Collected material »
***
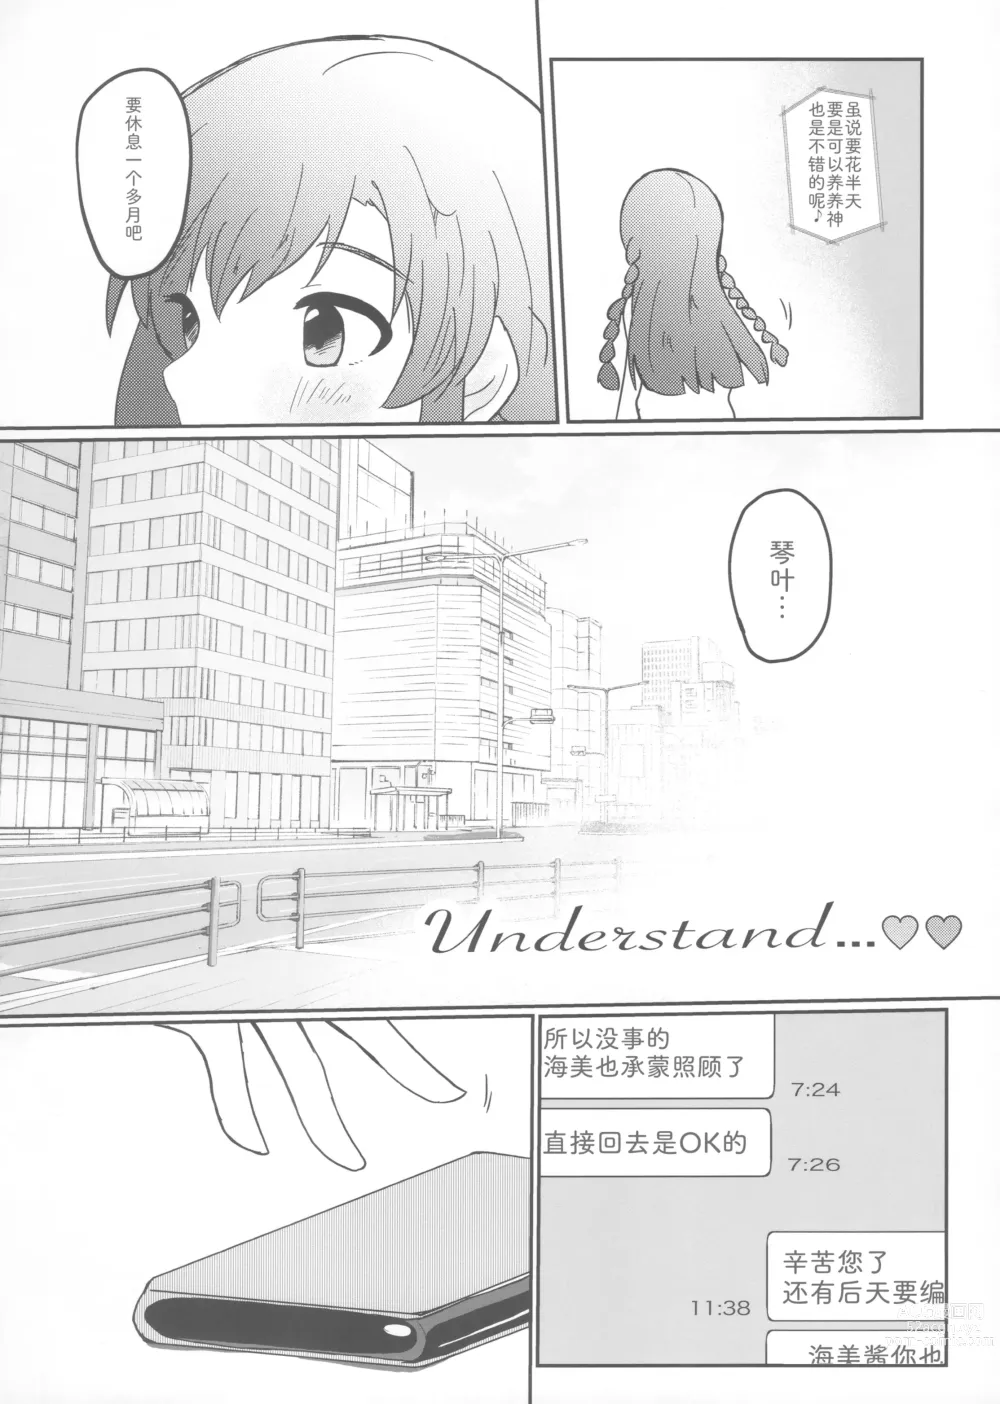 Page 3 of doujinshi Understand...
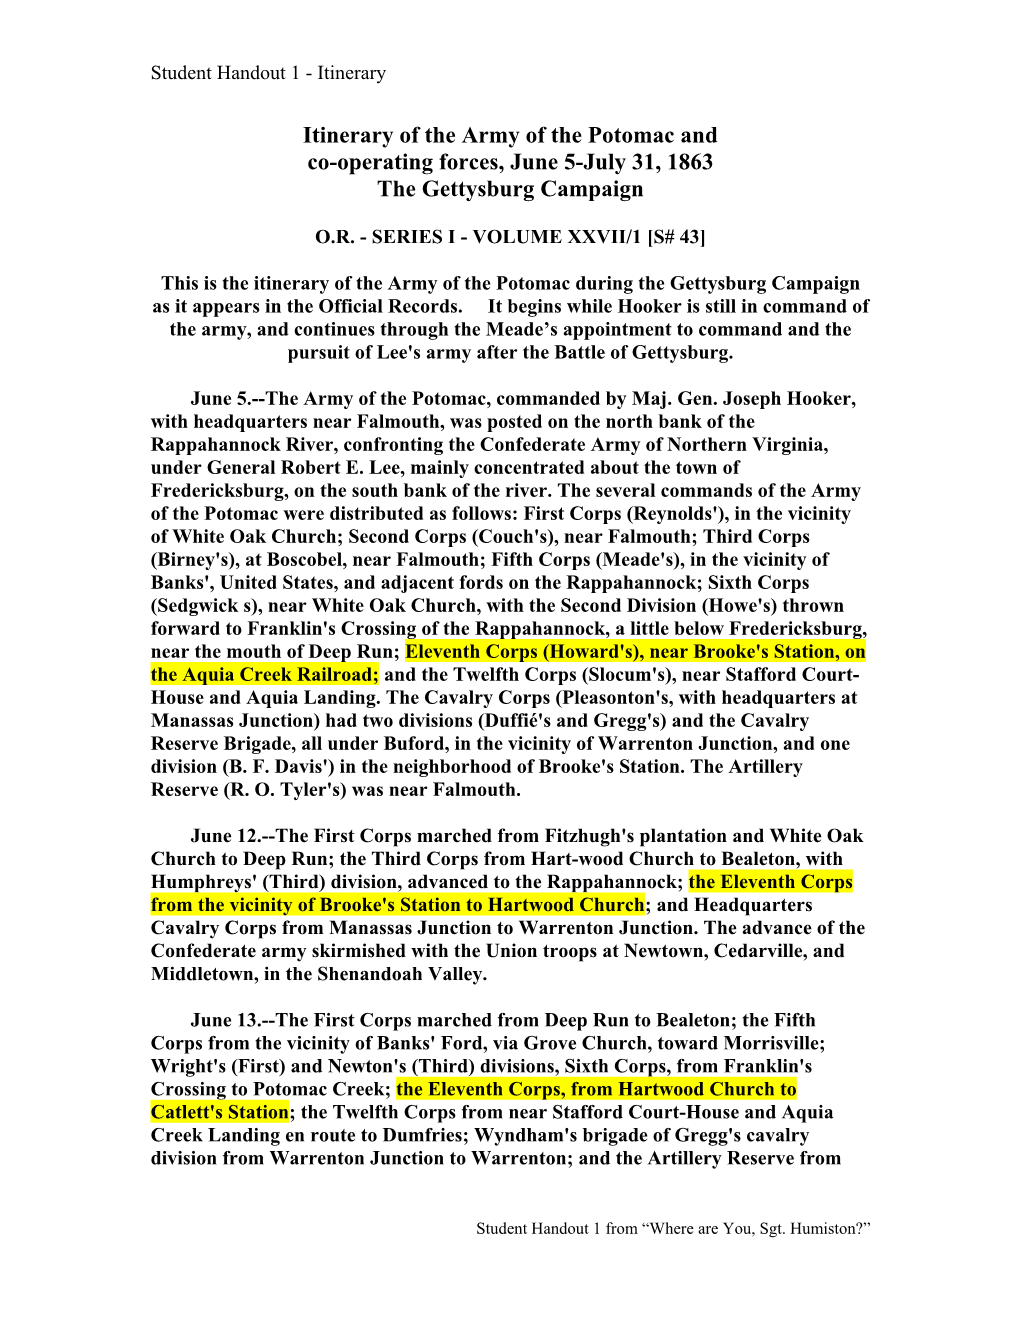 Itinerary of the Army of the Potomac and Co-Operating Forces, June 5-July 31, 1863 the Gettysburg Campaign
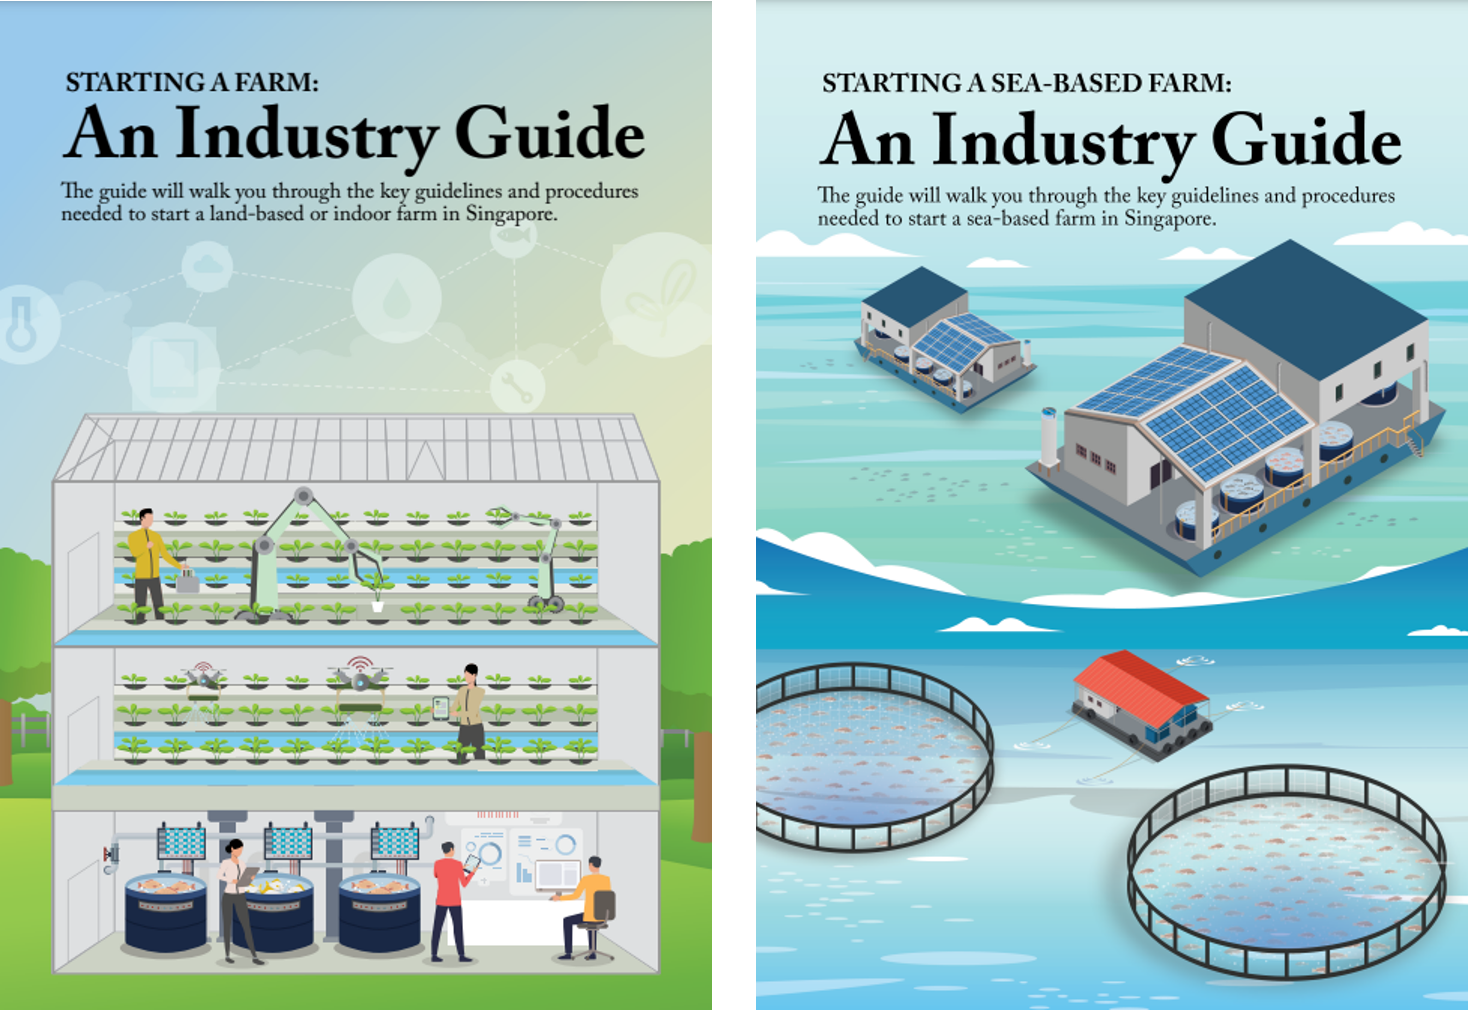 SFA industry guides for farms
***
Activity » In the copy, include no pictures; everything else in the material should be written out exactly.

Written reply »
 Page 3 of doujinshi Understand...
 Itinerary of the Army of the Potomac and Co-Operating Forces, June 5-July 31, 1863 the Gettysburg Campaign
 SFA industry guides for farms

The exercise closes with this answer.